**Exercise instructions**:
Your answer should be the full data, transcribed exactly, with no pictures in it.

**Data**:

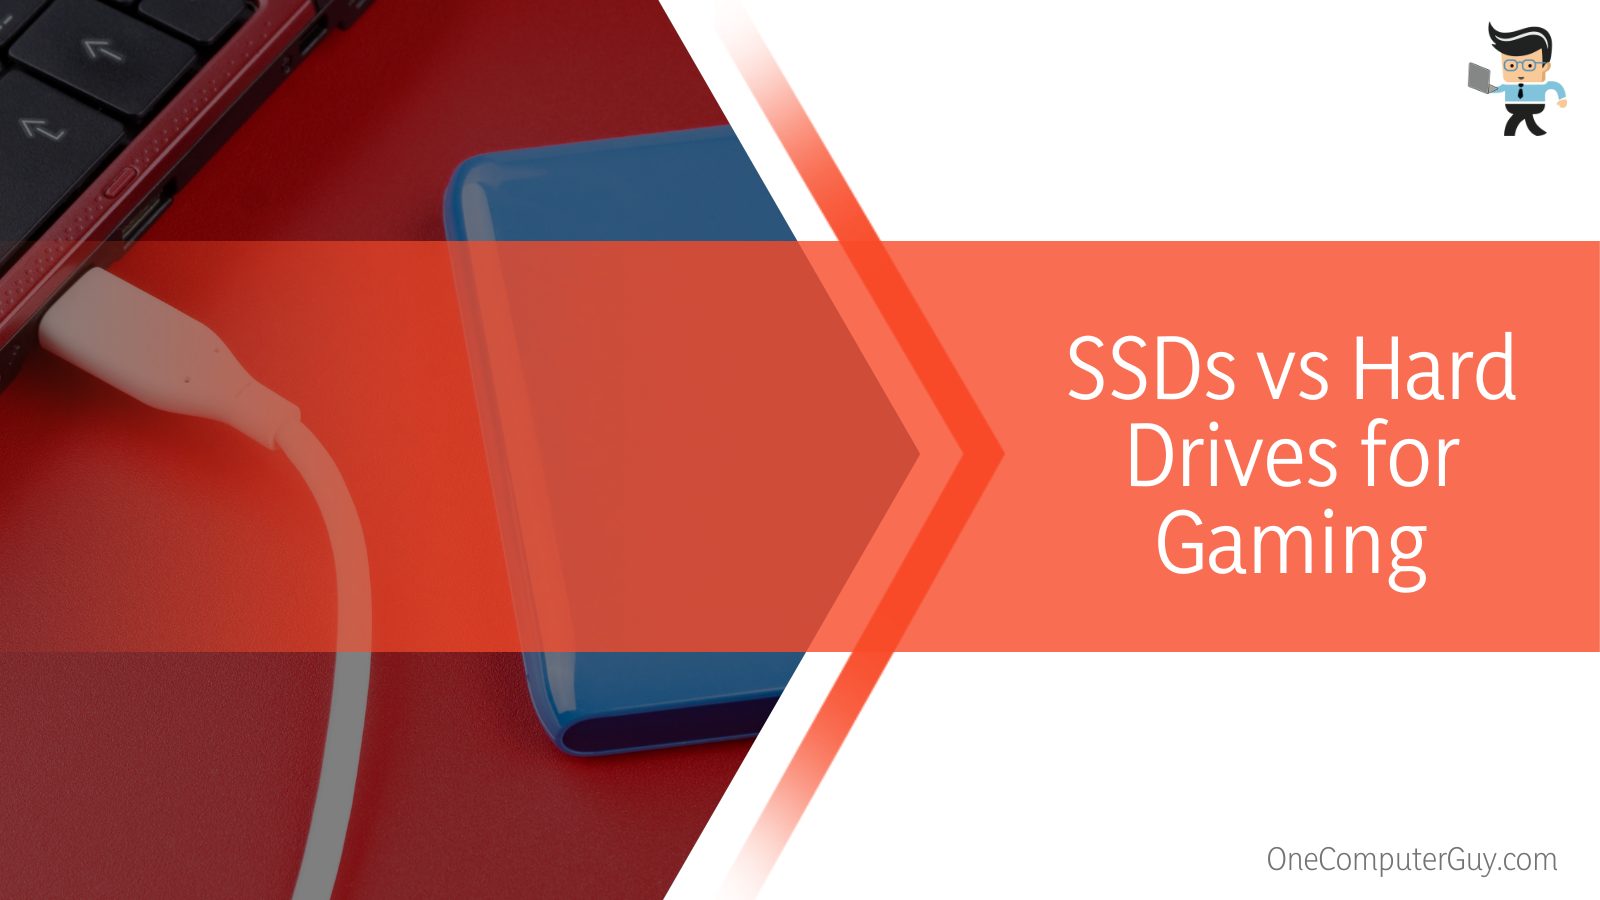 SSDs vs Hard Drives for Gaming
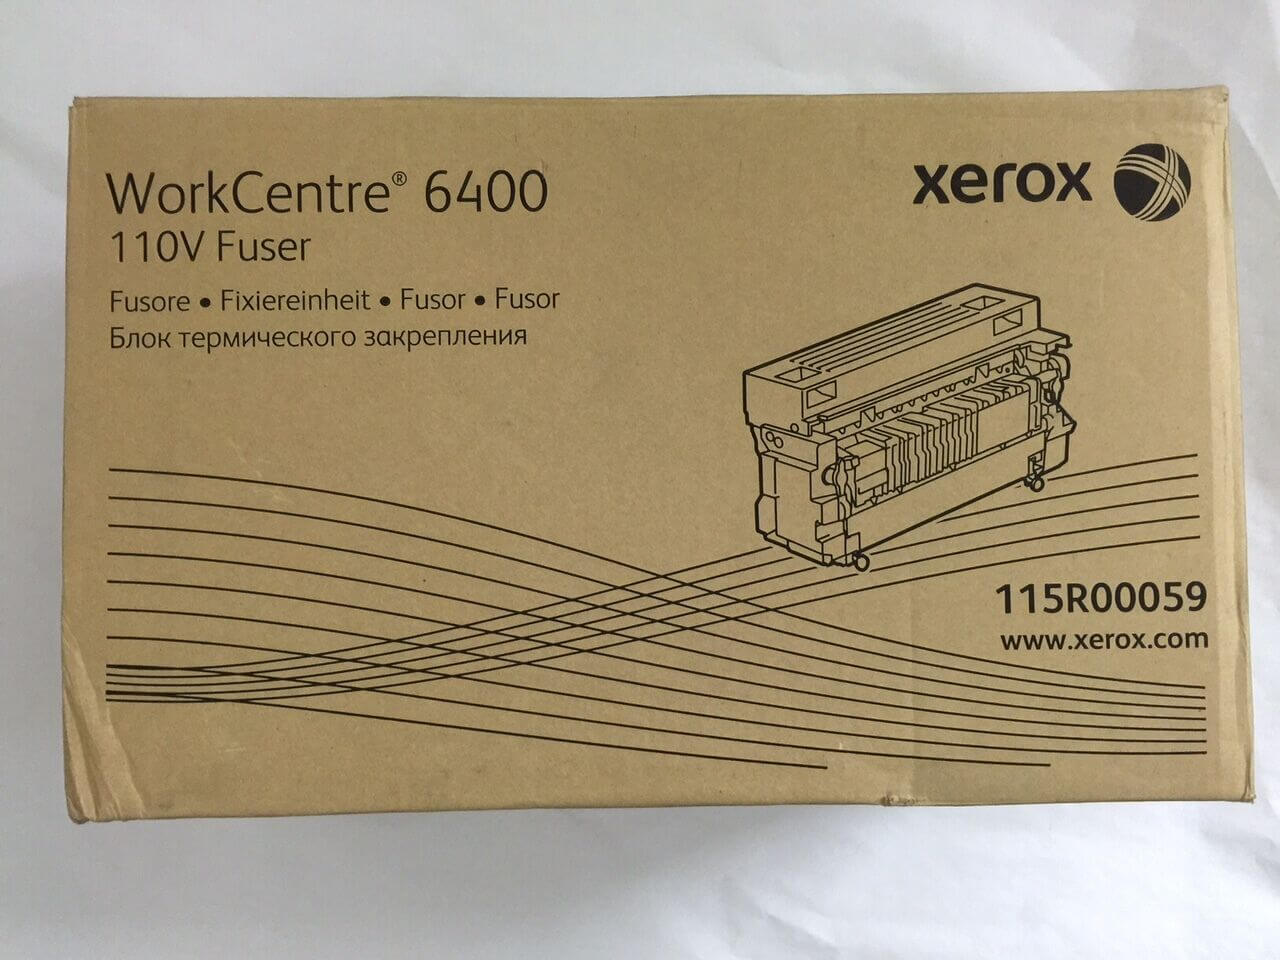 Open Box Genuine Xerox WorkCentre 6400 Fuser 110V - 115R00059 - FedEx 2Day Air!! - copier-clearance-center
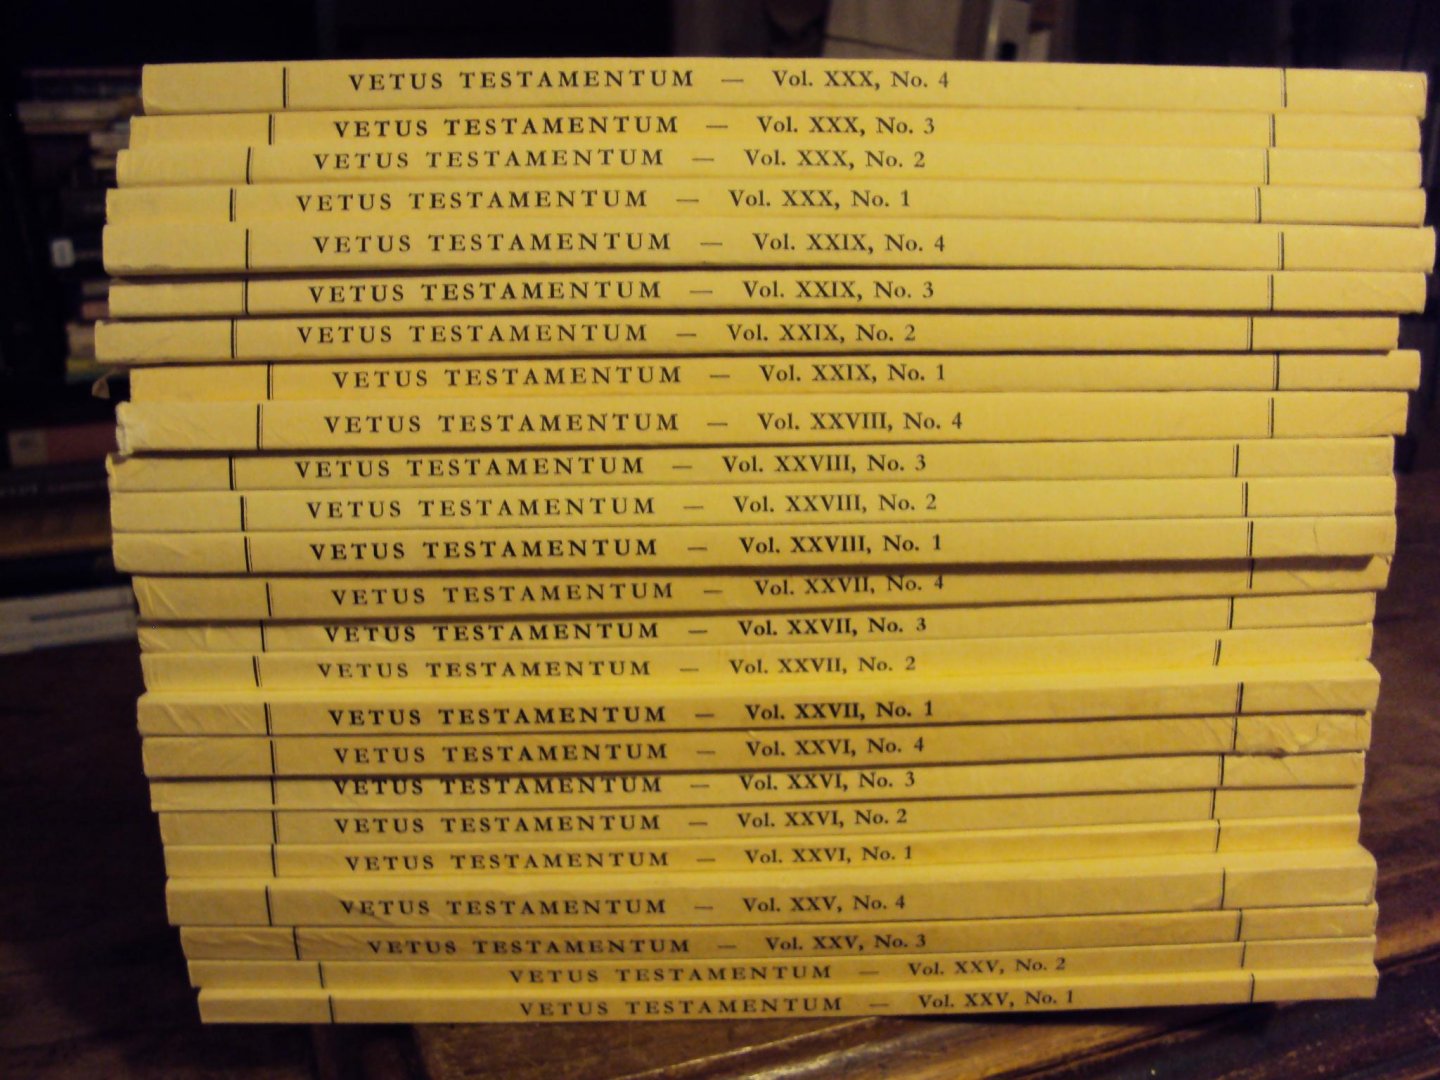  - Vetus Testamentum. Quarterly published by the International Organization of Old Testament Scholars. Volumes 25-30
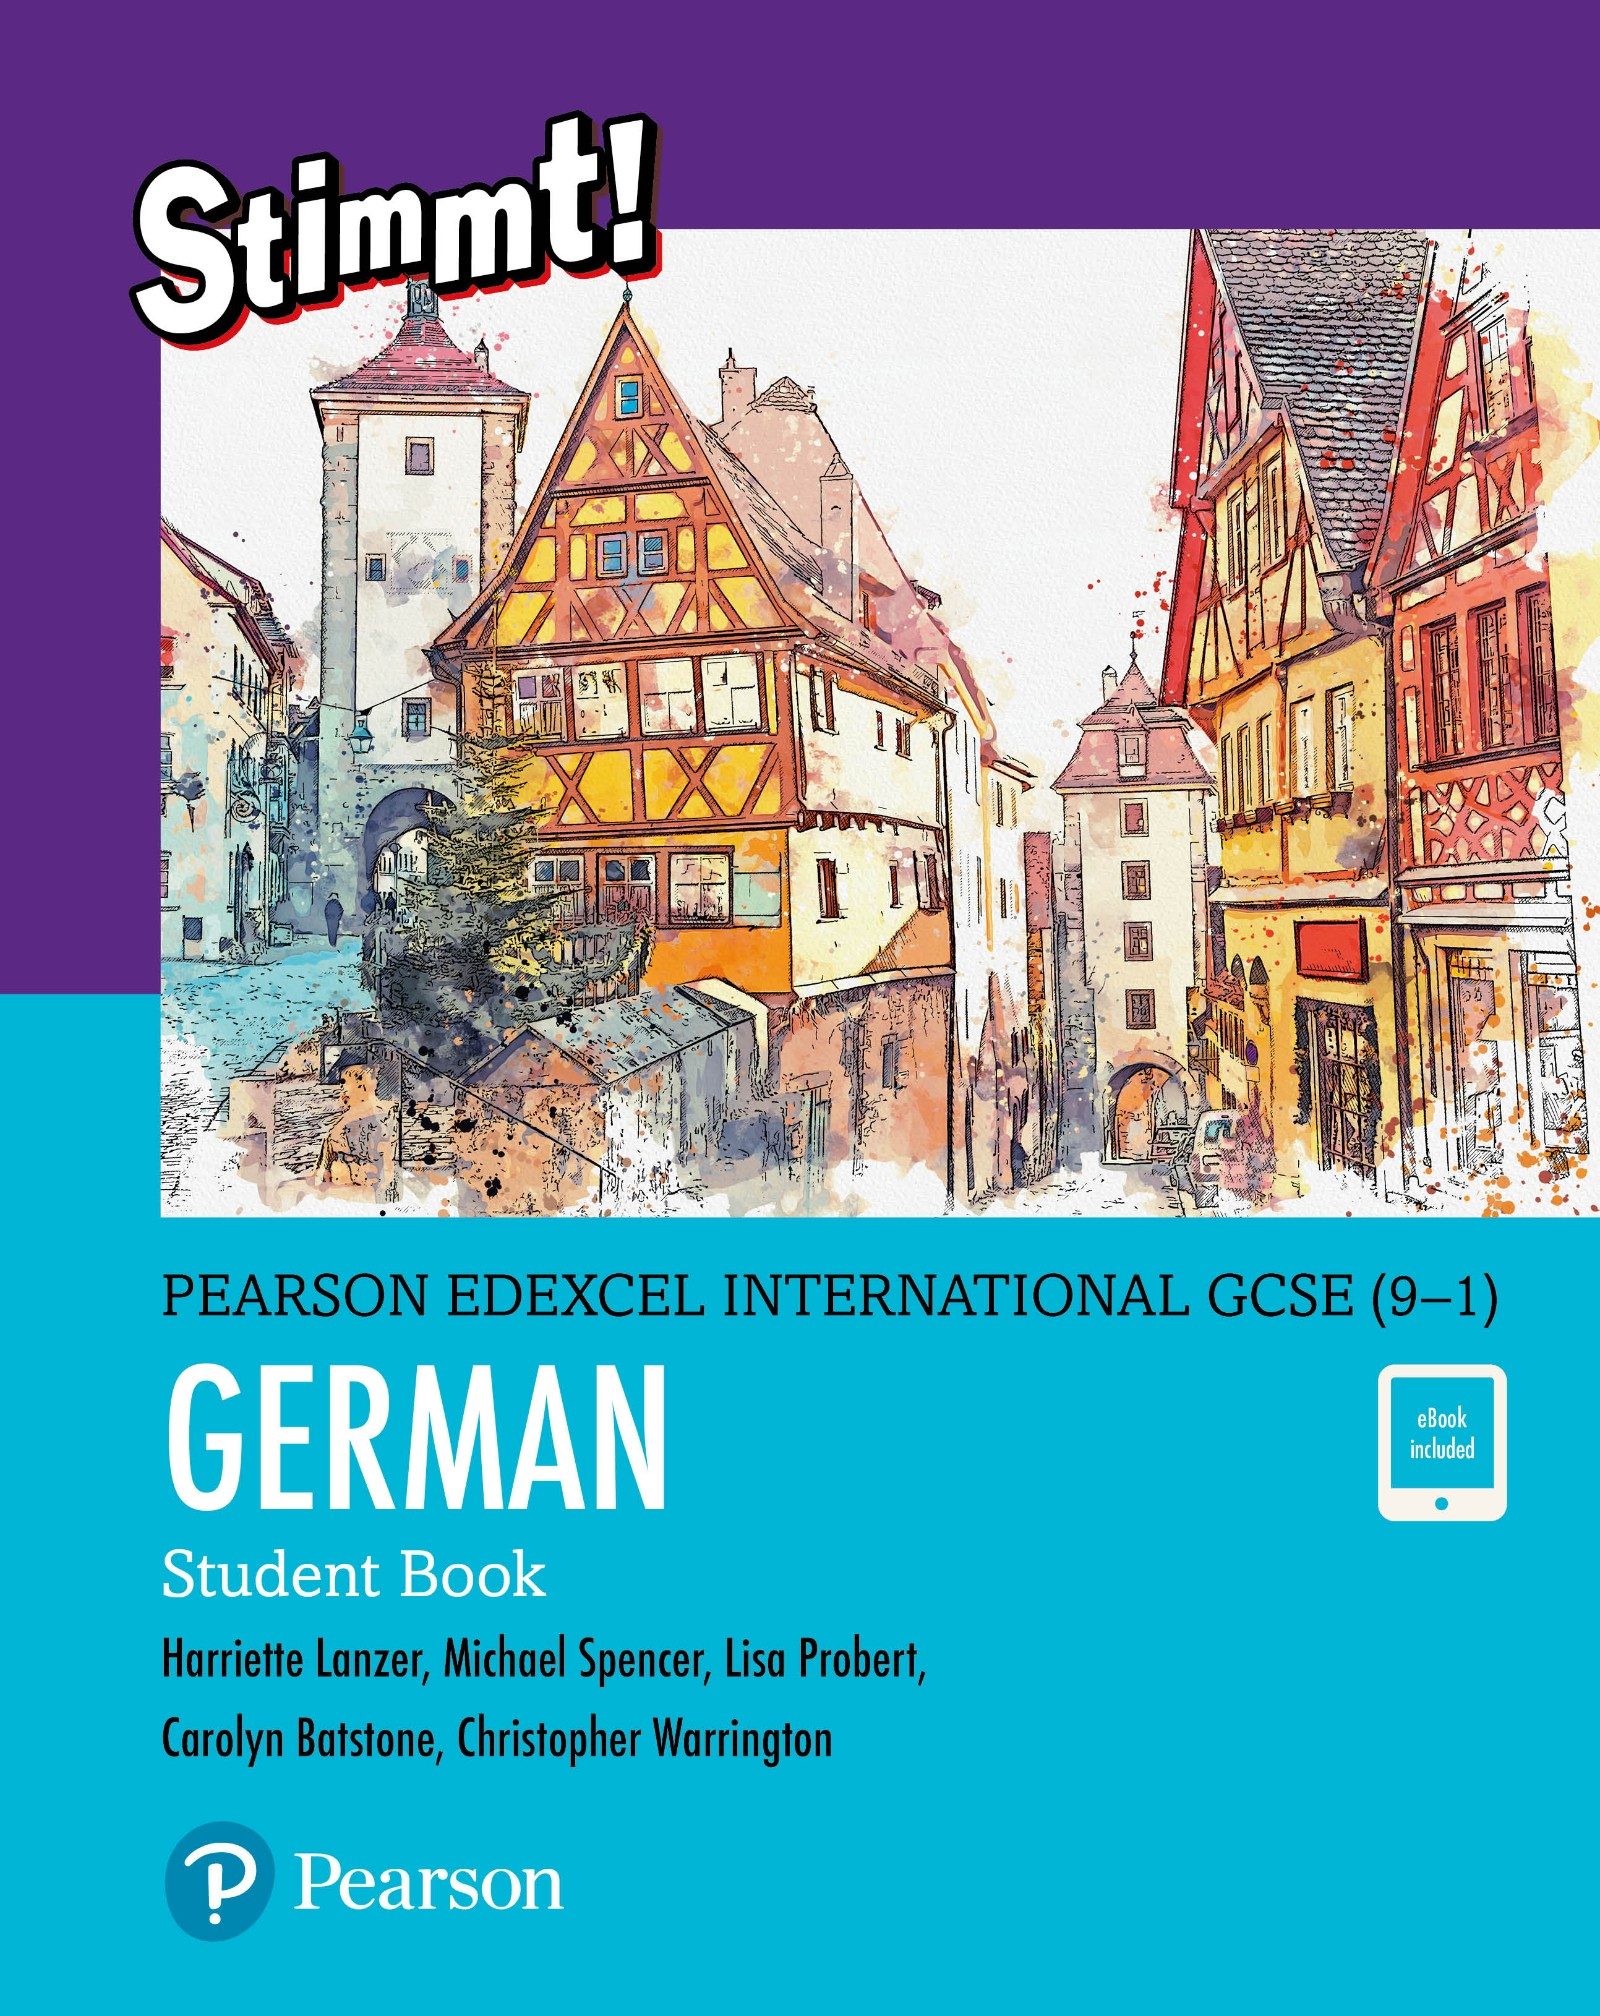 International GCSE Stimmt German book

**Reply**:
 SSDs vs Hard Drives for Gaming
 Open Box Genuine Xerox WorkCentre 6400 Fuser 110V - 115R00059 - FedEx 2Day Air!! - copier-clearance-center
  - Vetus Testamentum. Quarterly published by the International Organization of Old Testament Scholars. Volumes 25-30
 International GCSE Stimmt German book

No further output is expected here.